Blick auf das OPZ 2 von der Notfall-Einfahrt aus.
Hubschrauberlandeplatz rechts oben im Bild.

 

Mikroskopieren im Saal der Pathologie

 

Besonders beliebt: das Lehr- und Lernzentrum

Am oberen Ende des Klinikums (Hufelandstr., Nähe Haupteingang) befindet sich die ehemalige Mund-, Kiefer- und Gesichtschirurgie, die nun das Lehr- und Lernzentrum (LLZ) beherbergt. Dort werden zum Beispiel OSCE-Prüfungen durchgeführt. Besonderer Beliebtheit erfreuen sich jedoch die Medical Skills-Kurse des noch relativ jungen "Skillslab". An modernsten Modellen können Reanimation, Blutabnahmen und vieles weiteres geübt werden.
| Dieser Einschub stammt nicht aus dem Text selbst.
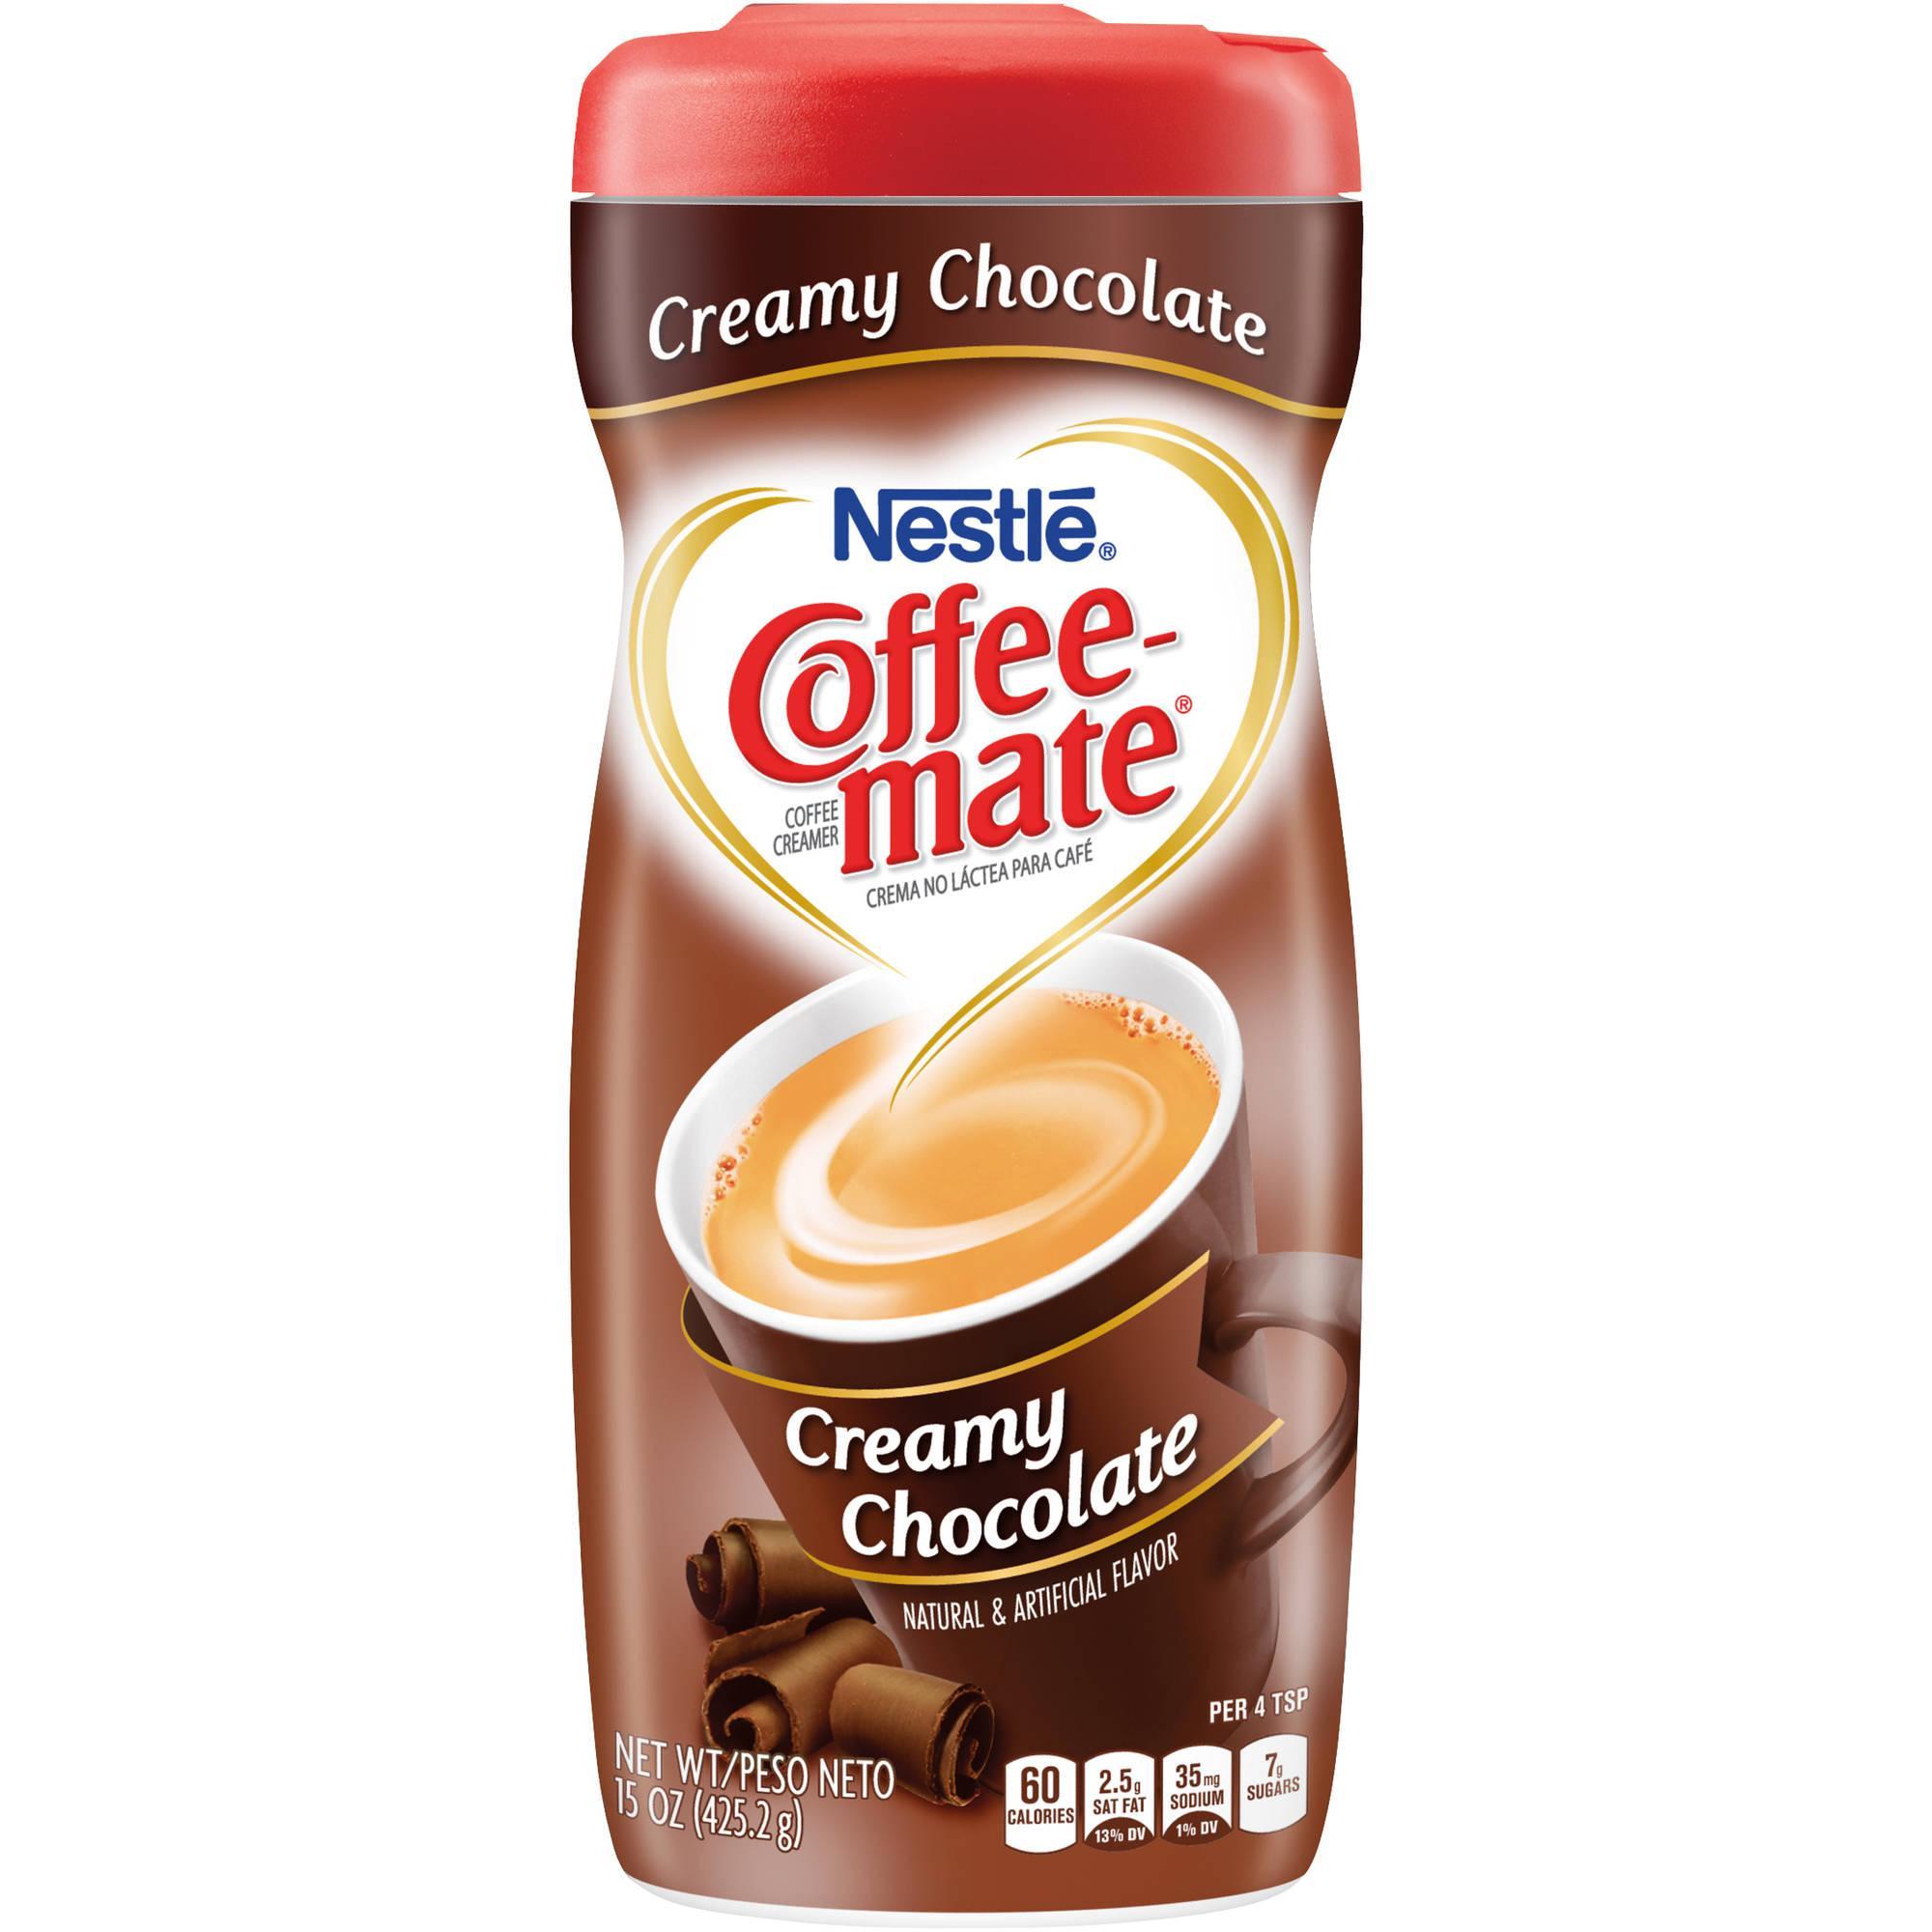 Coffee mate creamer coupon insert

Zudem unterrichten Tutoren beispielsweise in gynäkologischer Untersuchung oder machen die leute "Fit for Famulatur". Desweiteren locken nach Kursteilnahme freie Übungszeiten, eine kleine Präsenzbibliothek oder ein CIP-Pool (siehe oben). Für die Kurse kann man sich online anmelden unter:

Website des Skillslab

 

Reanimationsübung am Modell
im Skillslab des LLZ

 

Ein Eindruck bedarf der Ergänzung

Diese kleine Führung durch die Fakultät für Medizin und das Gelände des Uniklinikums ist natürlich nur ein erster Eindruck. Viel spannender ist, selber einen Blick auf diesen Studienort zu werfen. Vielleicht bei einem Rundgang? Sicherlich findet sich bei Nachfrage jemand, der das Gelände ein wenig zeigen kann. Beispielsweise kann man in der Fachschaft jemanden ansprechen. Gerne erwünscht sind Verbesserungsvorschläge oder Geheimtipps für diese virtuelle Tour. Bis bald in Essen?!